Berangkat dari alam, manusia mulai merambah dunianya sendiri serta kehidupan sosialnya. Manusia perintis yang mengutarakan gejolak jiwanya ini adalah Perminides. Ia menularkan ilmunya ke Sokrates, yang mengatakan bahwa dalam kehidupan terdapat unsur ada, ada yang tak terbatas, ia adalah langit dan bumi, barat dan timur, ia menjadi kekuatan sehingga kehidupan itupun senantiasa berada. Namun penjelasan mengenai ada ini masih dalam awan-awan pikirannya. Ia belum bisa menjabarkan keberadaan ada. Ungkapan fhilosofis pun berasal dari Sokrates, Fhilos (mencintai) dan Shofis (kearifan). Ia sangat menghindari sifat angkuh, walau ia seringkali menantang dan mengalahkan para pembicara ulung yang tergolong kelas-kelas manusia cerdas jaman Yunani kuno lalu. Hebatnya ia tak mau membahasakan bahwa ia cerdas, tapi dengan bahasa orang yang mencintai ilmu pengetahuan.
Setelah Sokrates, muncul kepermukaan murid Sokrates sendiri, yaitu Plato. Plato tidak berkutat pada kehidupan alam, tapi menyangkut eksistensi manusia. Ia pun menelaah kajian yang lebih spesifik lagi, yaitu alam pikiran khususnya dunia bentuk dan dunia ide. Dunia bentuk sebenarnya adalah kajian sokrates yang diturunkan ke Plato, tapi Plato menelaahnya lebih jauh dengan menambahkan contoh-contoh baru dan asumsi-asumsi segar. Dunia bentuk menurutnya tidak dapat dimasuki oleh indra, hanya oleh pikiran. Kita dapat berfikir tentang sesuatu, tapi kita tidak dapat mengindrainya. Objek indrawi menerima kuantitas-kuantitas dengan ”berpartisipasi” di dalam ide-ide yang menjadi asal-muasalnya. Contohnya, jika kita memandang sebuah patung. Patung yang awalnya dibentuk sesuai dengan pola tertentu. Yang menjelaskan hal ini pola patung pada suatu cetakan adalah ide, sedangkan patung yang tercetak adalah obyek indrawi yang menerima kualitas seperti ukuran, bentuk atau bahkan ekspresi dari pola cetakan.

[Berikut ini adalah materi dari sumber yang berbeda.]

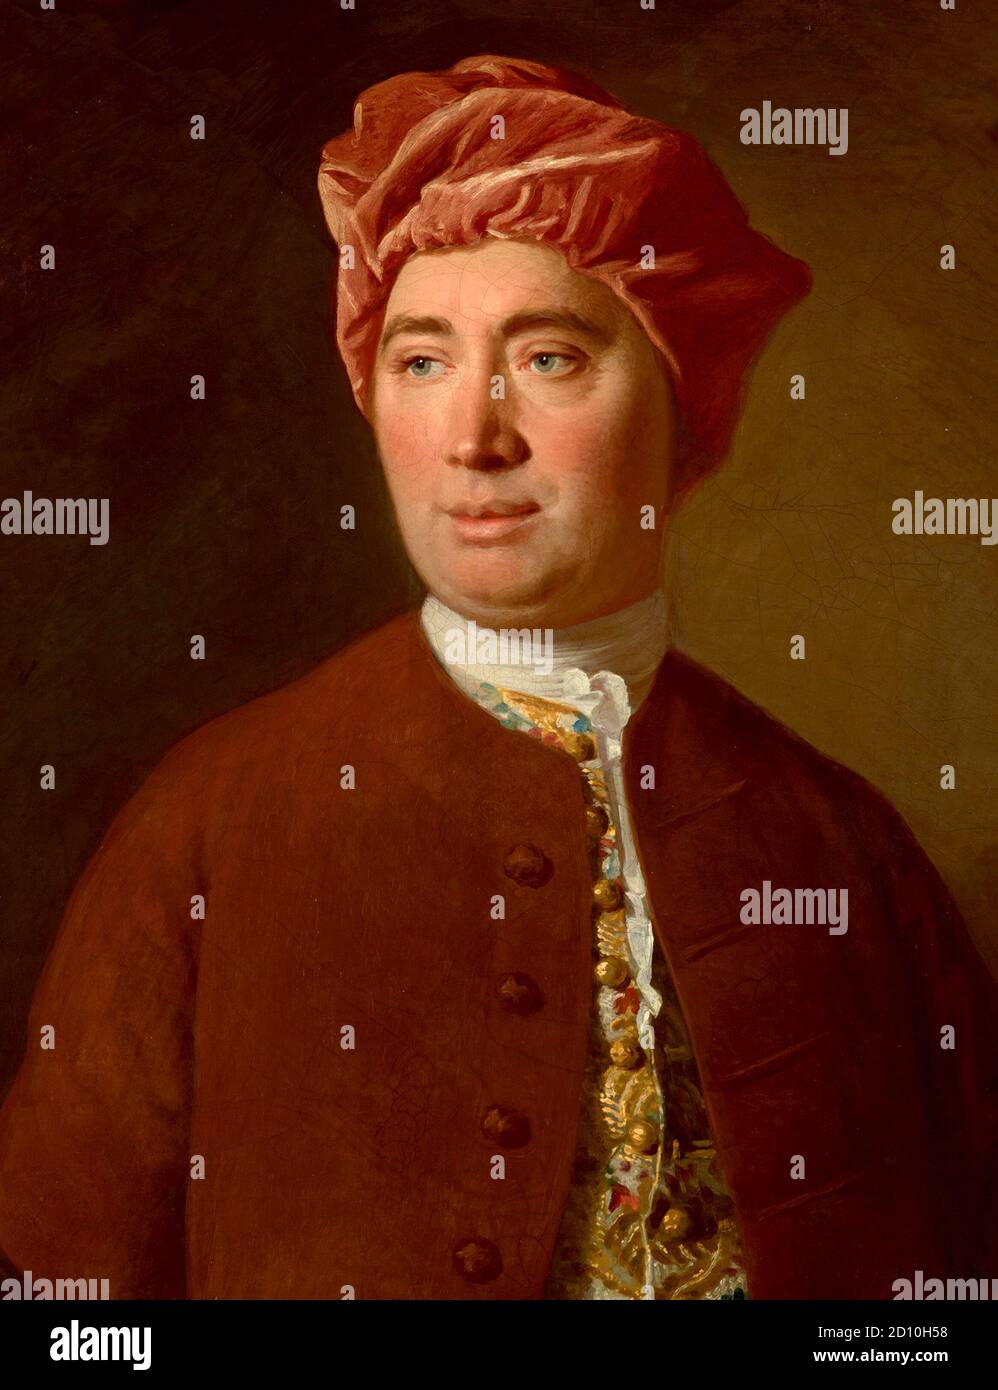 David Hume (geb.: David Home; 1711 – 25) Schottischer Philosoph, Historiker und Essayist, der heute vor allem für sein einflussreiches System philosophischer Empirie, Skepsis und Naturalismus bekannt ist. Stockfoto

Hal menarik dari Plato saat memberikan ilustrasi tentang dunia ide dan dunia bentuk ini. Plato mengungkapkan bahwa sebagian besar manusia hidup dalam gua remang-remang dan hanya mampu memandang ke sebuah dinding yang memperlihatkan bayang-bayang yang bergerak. Karena hanya bayang-bayang itu saja yang terlihat, manusia pun beranggapan bahwa itulah yang dikatakan realitas.
Aristoteles, salah satu tonggak penyusun bunga rampai silsilah perjalanan sejarah filsafat ilmu pengetahuan. Dengan analisa empiris dengan landasan pemikiran yang utuh tentang alam, Aristoteles bertolak belakang dari pendahulunya, Plato. Dalam menganalisis dan menyimpulkan sesuatu, dunia indra atau empirislah yang pertama terjerat kemudian diolah dalam dunia ide. Kita tak mungkin menyimpulkan sesuatu, jika sesuatu itu tak pernah tertangkap oleh indra kita hingga tak terkurung dalam memori. Aristoteles menerapkan sistem klasifikasi organisme, dengan mengelompokkan jenis-jenis hewan, tumbuhan berdasarkan kriteria-kriteria tertentu.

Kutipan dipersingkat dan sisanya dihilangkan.